Avant la pose miam-miam, nos aventuriers furent invités à la mairie de Reims, et accueillis par l'adjoint au maire, heureux de participer au devoir de mémoire. Il leur parla du devenir de Reims dans la nouvelle Région Grand Est. Généreusement, la mairie offrit du gâteau et les biscuits roses, la spécialité de la ville, tout ça fut englouti rapidement. Après la pause déjeuner, les jeunes franco-italiens furent guidés au travers de la majestueuse, impressionnante, gigantesque cathédrale, par un membre du Comité de jumelage Reims-Florence.

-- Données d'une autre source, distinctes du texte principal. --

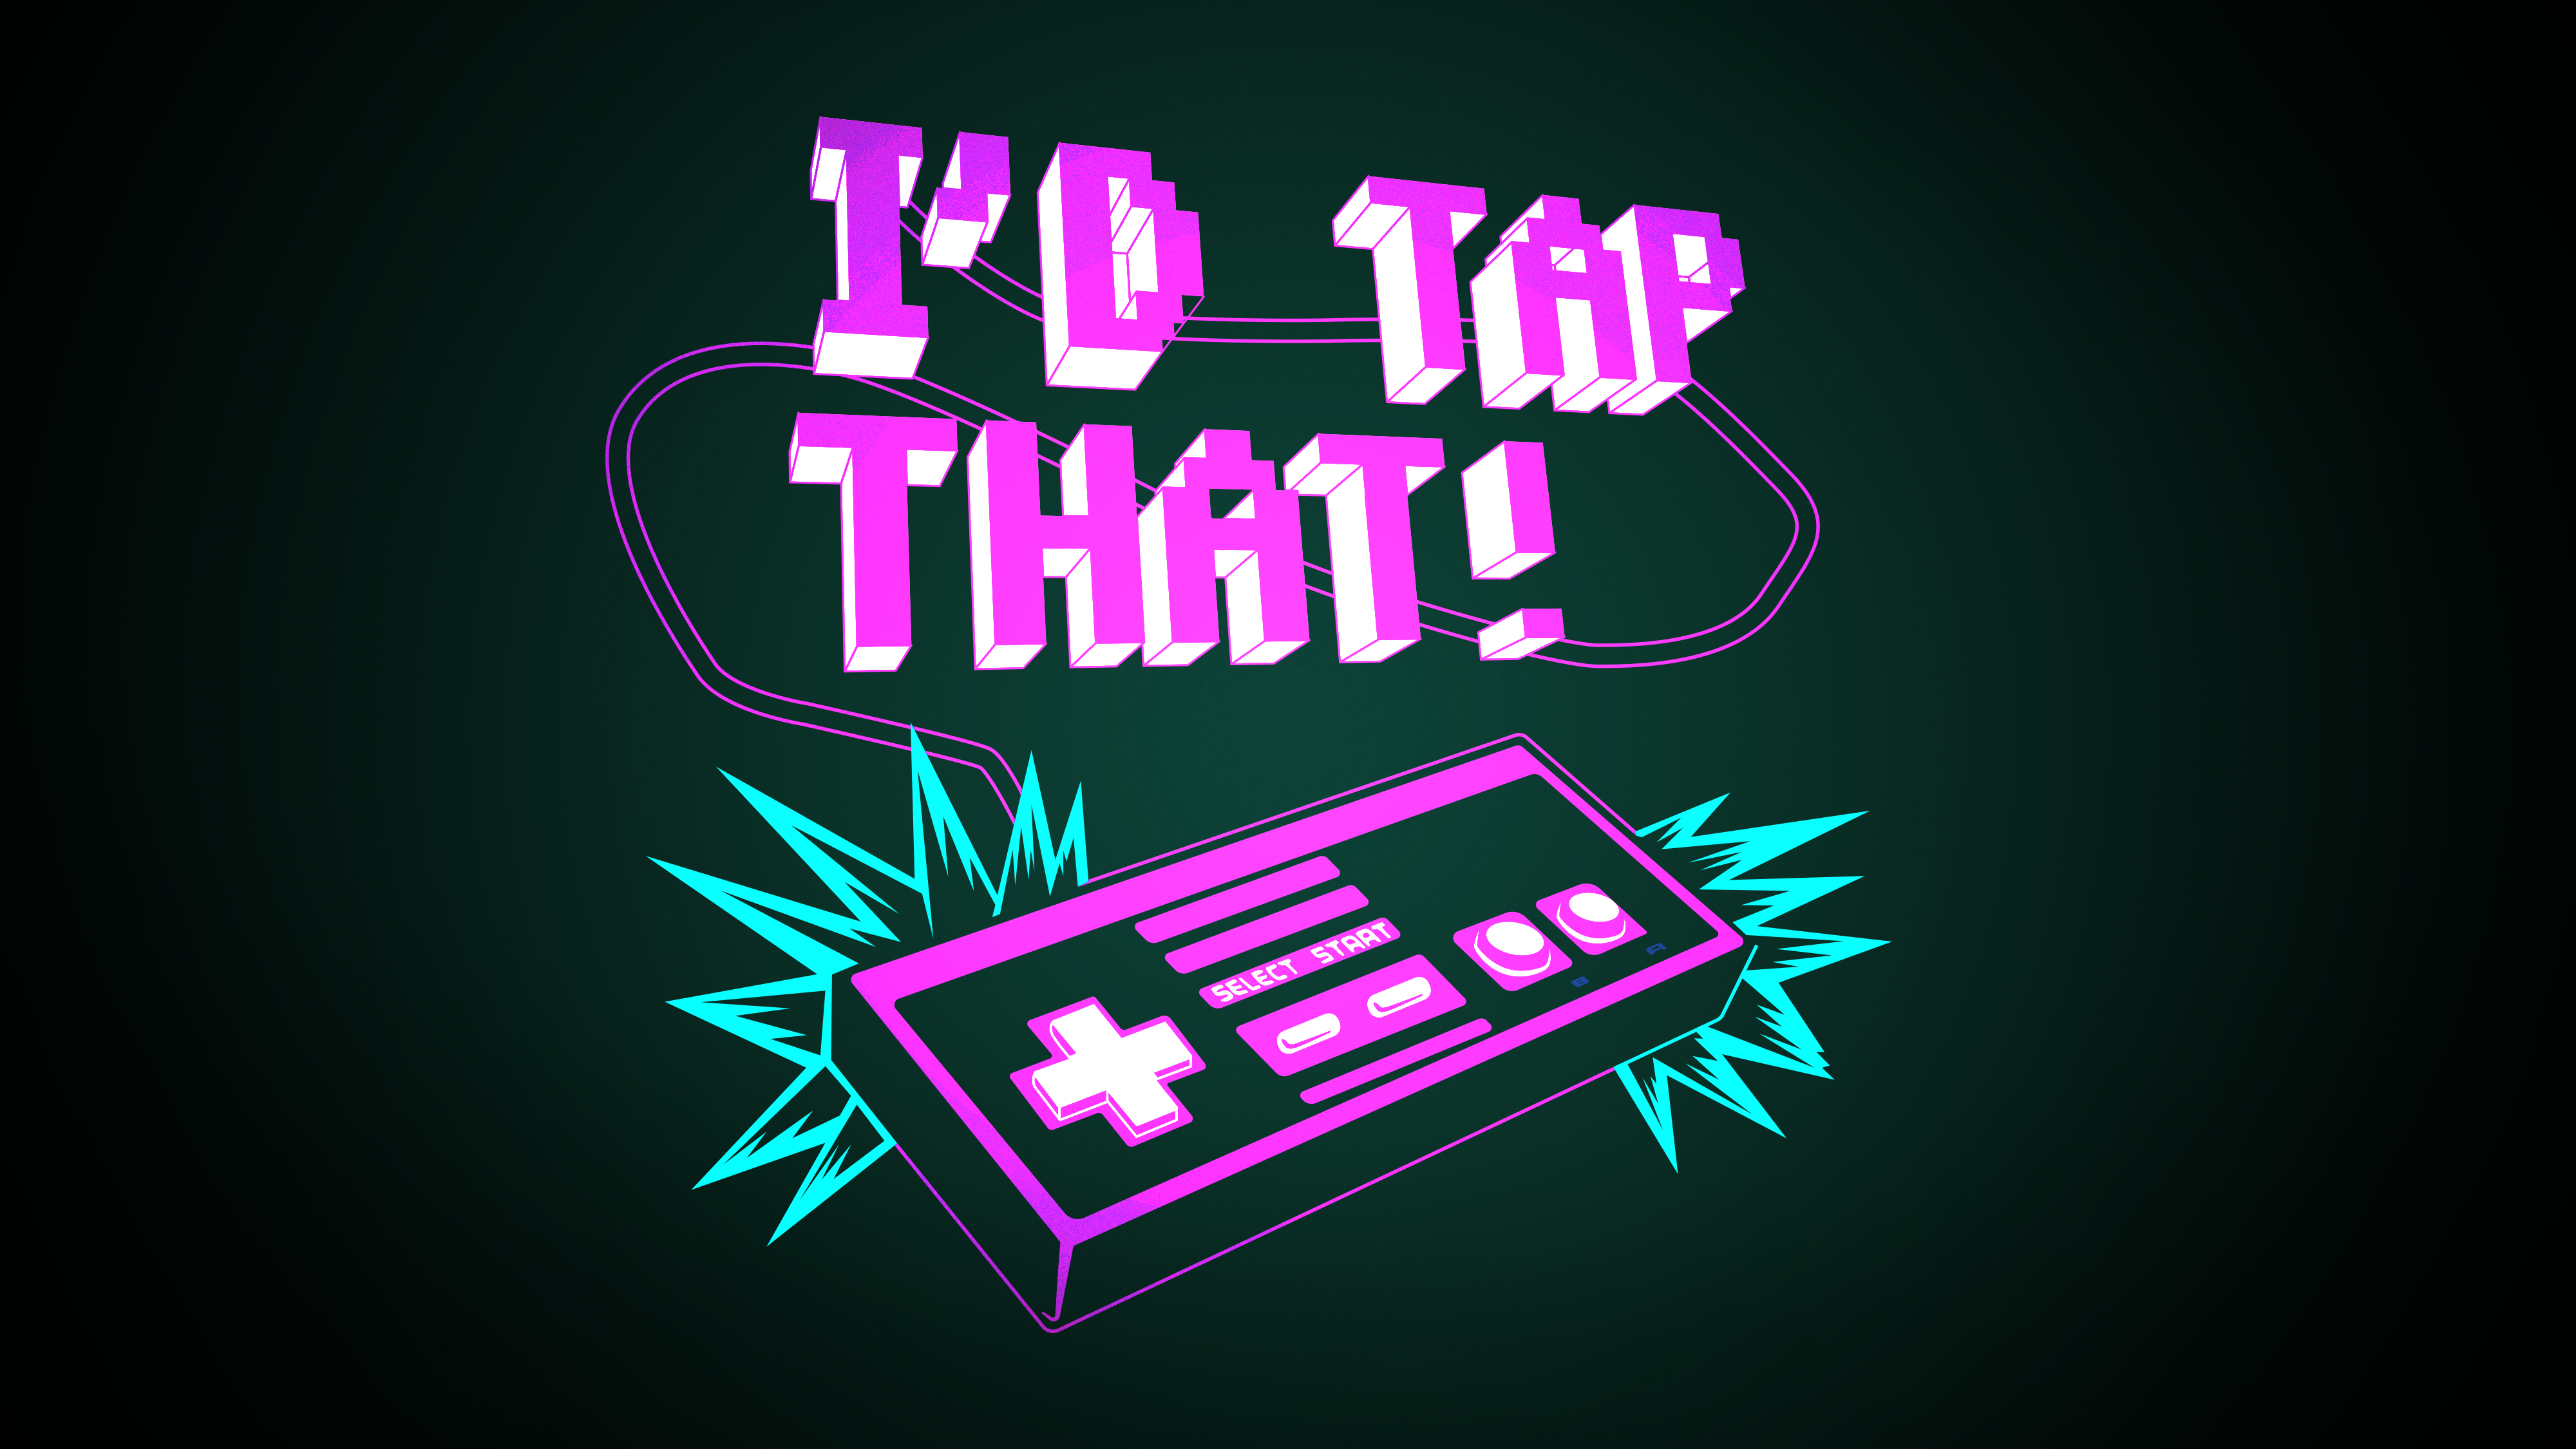 Hd wallpaper tap - Video Game Artistic Video Game Statement Controller Wallpaper

reims-7A la sortie de ce chef-d’œuvre architectural, ils participèrent à une grande aventure dans la ville : une course d’orientation. Ainsi ils firent face aux plus grandes épreuves, aux plus grands bâtiments, qu'ils avaient pour mission laborieuse de capturer dans leur téléphone à l'aide de selfies rigolos. Malgré les tricheries, les trahisons et le danger, ils rentrèrent tous ensemble et amis, après avoir pris un verre de l’amitié (non alcoolisé) dans un petit bistrot bien sympatique.

Une fois rentré au camp, les activités de la soirée reprirent, tels des matchs ardus de foot, et des parties endiablées de loup-garou, soldés par des éclats de voix et des affrontements sans pitié.

            Le dernier jour, ils participèrent à des adieux poignants, pleins de larmes, et en guise de cadeau de au revoir, les Italiens offrirent aux Français LE ballon de foot, avec lequel ils avaient joué toute la semaine, et un drapeau de l'Italie. Les Français visitèrent seuls le musée des Beaux-Arts de Reims, pour noyer leur chagrins. Ils repartirent chez eux, et dès qu'ils retrouvèrent leur internet chéri, ils contactèrent les Italiens, pour continuer cette amitié si belle qu’ils avaient construit en quelques jours.      

            Voici donc la belle histoire que vécurent les lycéens de Béziers et ceux de Florence. Cette expérience fut très enrichissante, pleine d'aventures épiques et de rencontres extraordinaires. On gardera en mémoire les souterrains de la butte de Vauquois, la quantité astronomique de croix blanches à l'ossuaire, réalisant l’importance de ce devoir de mémoire.